As a youngster Abe had been instructed in absolutes. There was good and evil, period. Good folks and bad. As an adolescent he saw little to contradict that. The Nazis were unadulterated evil, easy to fight, easy to hate. Their atrocities left no room for debate. He’d joined up and fought for good, and even though the horrors were manifold, the cause was inarguably virtuous—and this was before he was aware of the death camps. He’d seen brutality in all its gory glory. But glimmerings of gray began to afflict his psyche. His first German corpse conflicted with the propaganda. This wasn’t some massive Hun with sharpened teeth—though even as a naïve teen, Abe hadn’t really expected the enemy to look that way. But this was just a kid. Skinny, blond, lightly freckled, soft pink lips, and fading color in the cheeks. This wasn’t a Nazi; this was just a foot soldier. Just a dead kid in a muddy ditch.

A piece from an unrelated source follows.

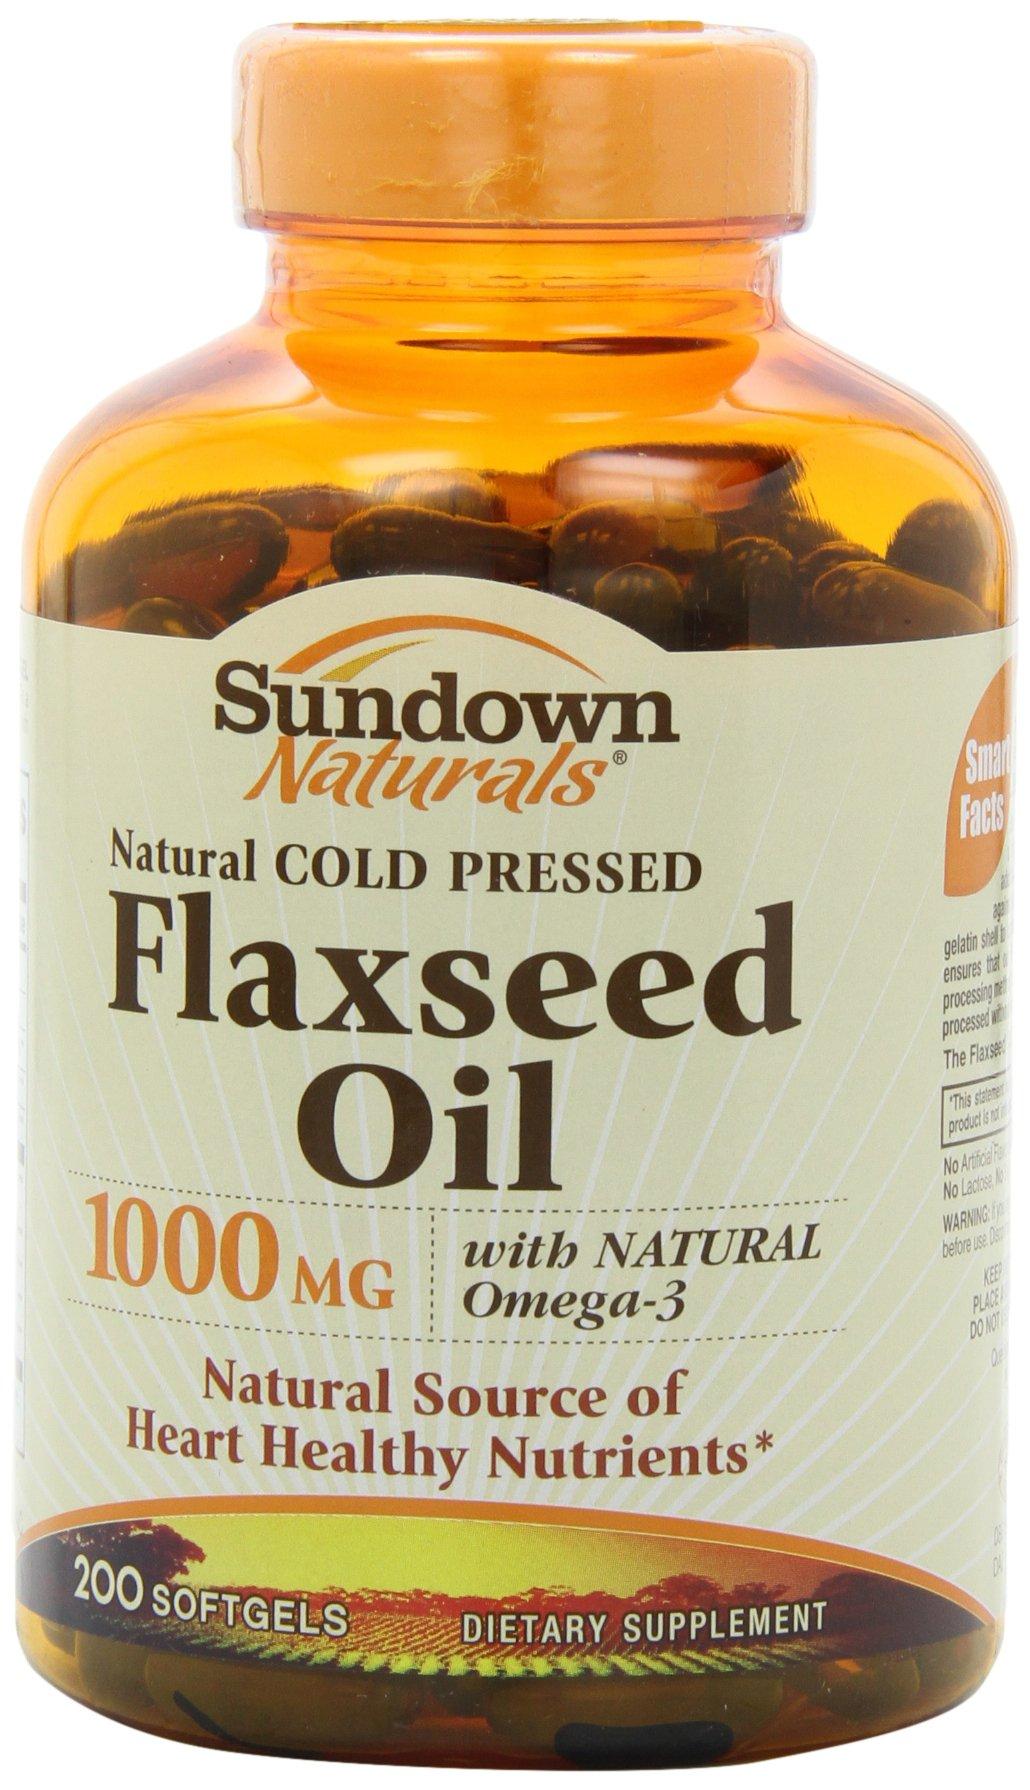 Sundown Naturals Flaxseed Oil 1000 Mg Softgels, 200 Count
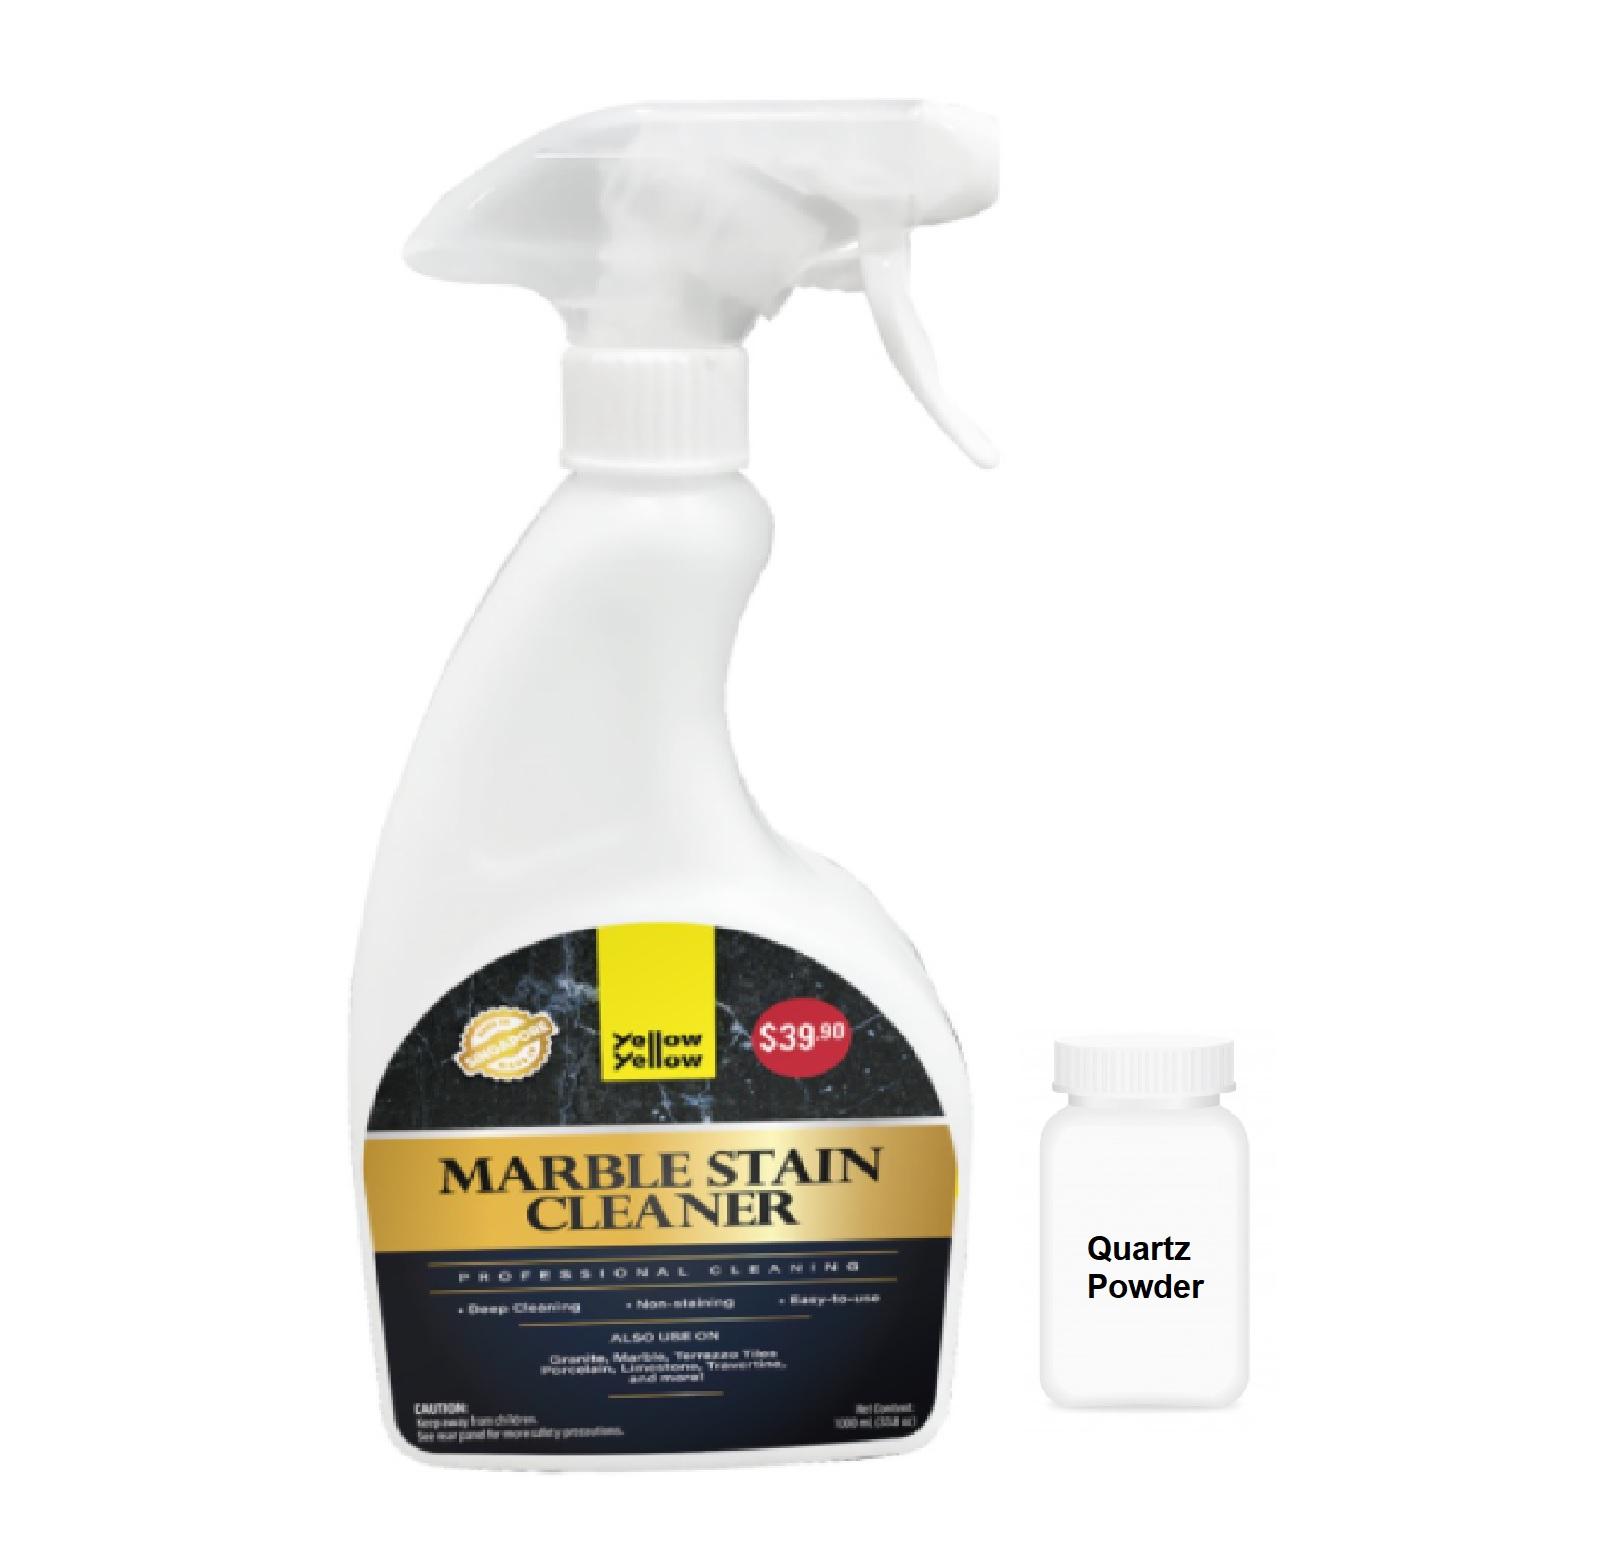 Yellowyellow Heavy Duty Marble Cleaner With Quartz Powder 1L

The world was easier to absorb before that moment. Abe had liked black and white, and he’d missed it when it was taken from him. Down below, the multitude groaned in protest of the weather, their plaint drowned out by the pervasive, ground-shaking thunder. There were no towheaded blond kids with freckles and soft lips down there. Maybe once upon a time, but not now.